Ermittler gehen davon aus, dass der bei seinen Eltern gemeldete junge Mann sich deshalb El Paso ausgesucht hat. Die 680.000-Einwohner-Stadt an der mexikanischen Grenze kam zuletzt oft im Zusammenhang mit dem Ansturm von Flüchtlingen aus Lateinamerika in den Medien vor.

Wie Tarrant, so hat offenbar auch C. seine Gedankenwelt an dem in der rechtsextremistischen Szene verehrten Buch „The Grand Replacement“ von Renaud Camus ausgerichtet. Der Franzose gilt als Vordenker des angeblich bevorstehenden Untergangs der „weißen Rasse“ durch muslimische Masseneinwanderung.  Crusius hat offenbar Muslime durch Latinos ersetzt.

Neue Waffendebatte

US-Präsident Trump habe mit seinem Mordentschluss nichts zu tun, schreibt C., er sei schon Rassist gewesen, bevor Trump ins Amt kam. Indirekt rühmt C. die im Gegensatz zu Europa hohe Verfügbarkeit von Waffen in Amerika, die seine Tat nach Ansicht von Experten begünstigt hat. In Texas gilt etwa seit 2016 „open carry“. Wer eine Waffenlizenz hat, darf sein Schießeisen fast überall offen tragen.

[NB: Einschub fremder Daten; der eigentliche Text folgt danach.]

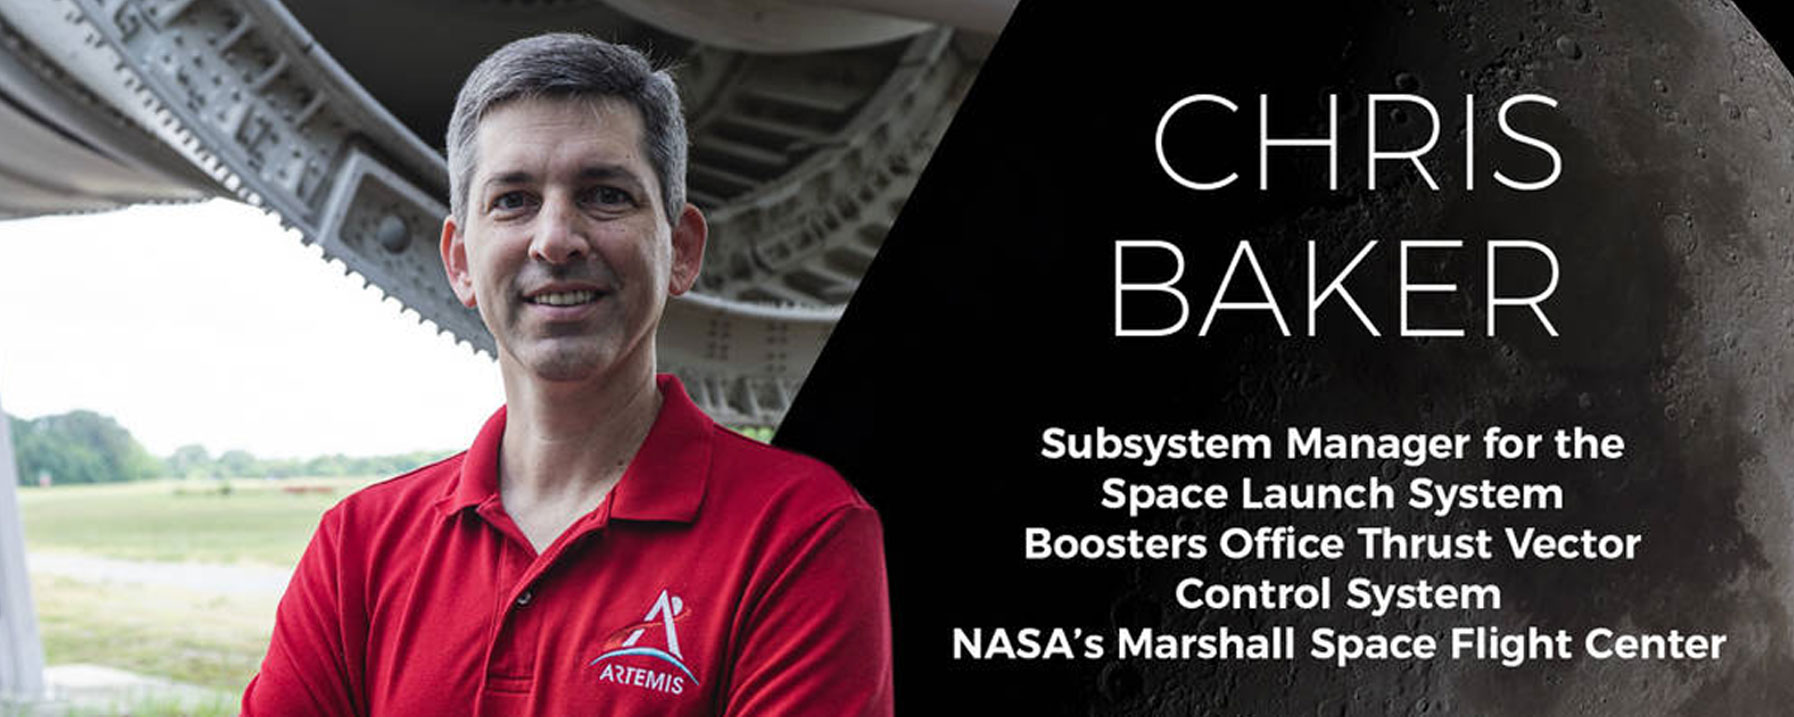 Photo of Chris Baker the Subsystem Manager for the Space Launch System Boosters Office Thrust Vector Control System at NASA's Marshall Space Flight Center.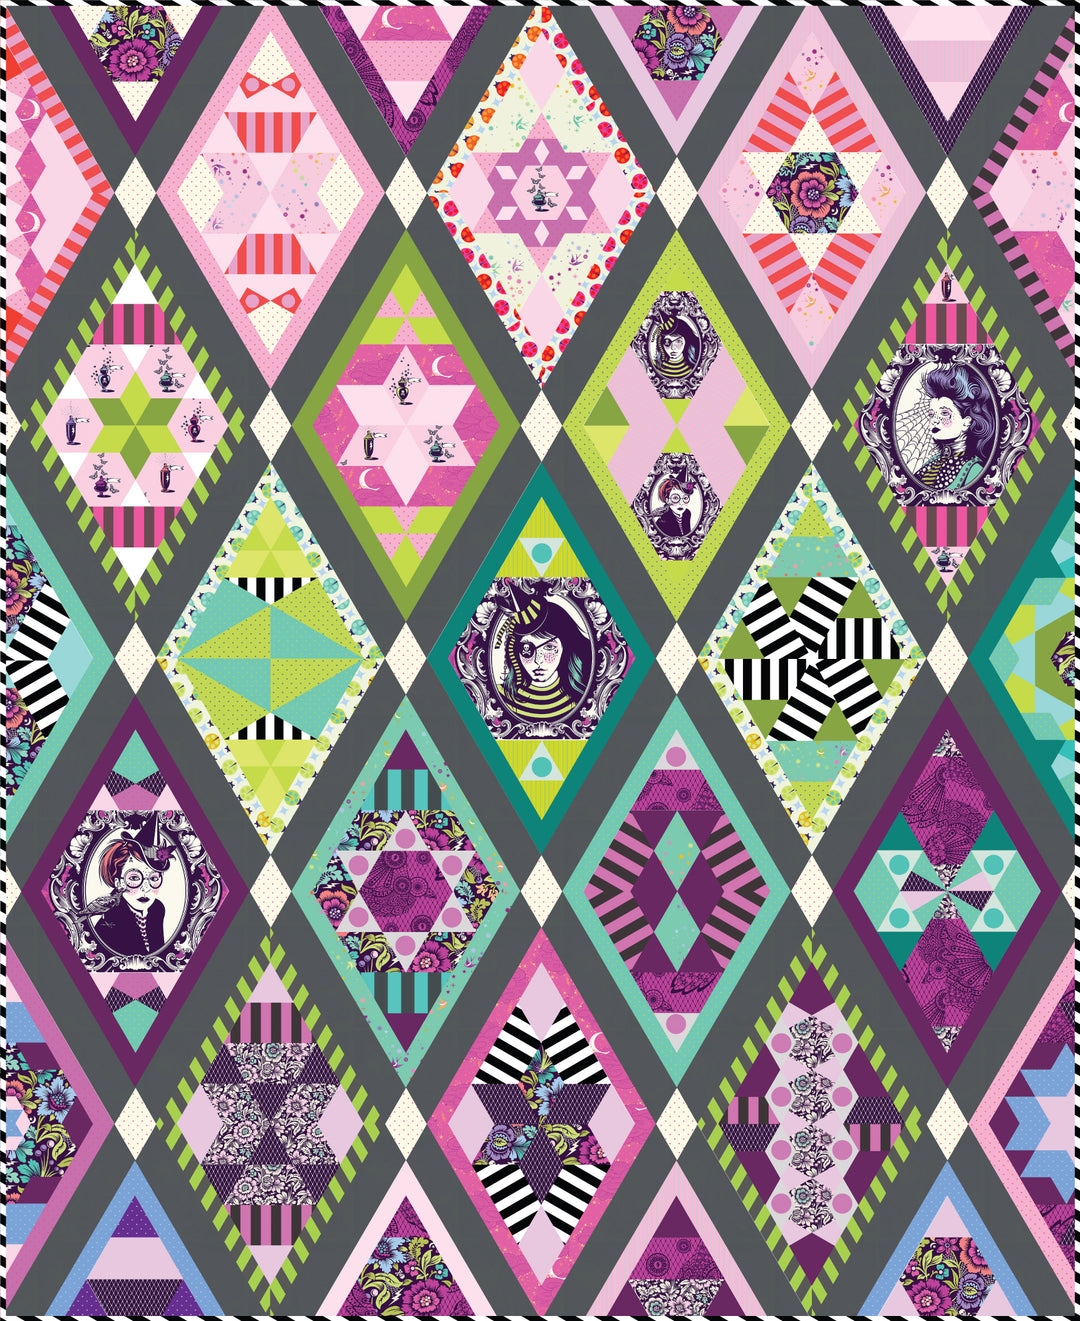 PREORDER - Queen of Diamonds - The Night Queen - Quilt Kit - Fabric Only - QODNIGHT-KIT

Heuer gab es in den USA laut New York Times bereits 32 „Mass-Shootings“ (mehr als drei Tote) – eine neue Waffendebatte  zieht herauf.  „Wie kann unser Land das tolerieren?“, fragte die demokratische Präsidentschaftskandidatin Kamala Harris,  ihre parteiinternen Konkurrenten äußerten sich ähnlich.

Präsident Trump, der schärfere Waffengesetze bisher ablehnte, tat  auf Twitter kurz seine Anteilnahme kund, sagte Hilfe des Bundes zu und verabschiedete sich – anders als in anderen Fällen, die die Nation bewegen – über viele Stunden ins digitale Off.  Samstagabend dann ein kurzer Nachklapp: Die Tat sei ein „Akt der Feigheit“ gewesen.

Mehrere prominente Demokraten machten Trump, der Mexikaner einmal pauschal als Vergewaltiger und Kriminelle bezeichnet hatte, für das geistige Klima mitverantwortlich, in dem die Tat geschah.

In Washington wurde damit gerechnet, dass Justizminister William Barr das Blutbad als „Hassverbrechen“ einstufen und Bundesrecht anwenden würde. C. könnte im Falle einer Verurteilung die Todesstrafe drohen.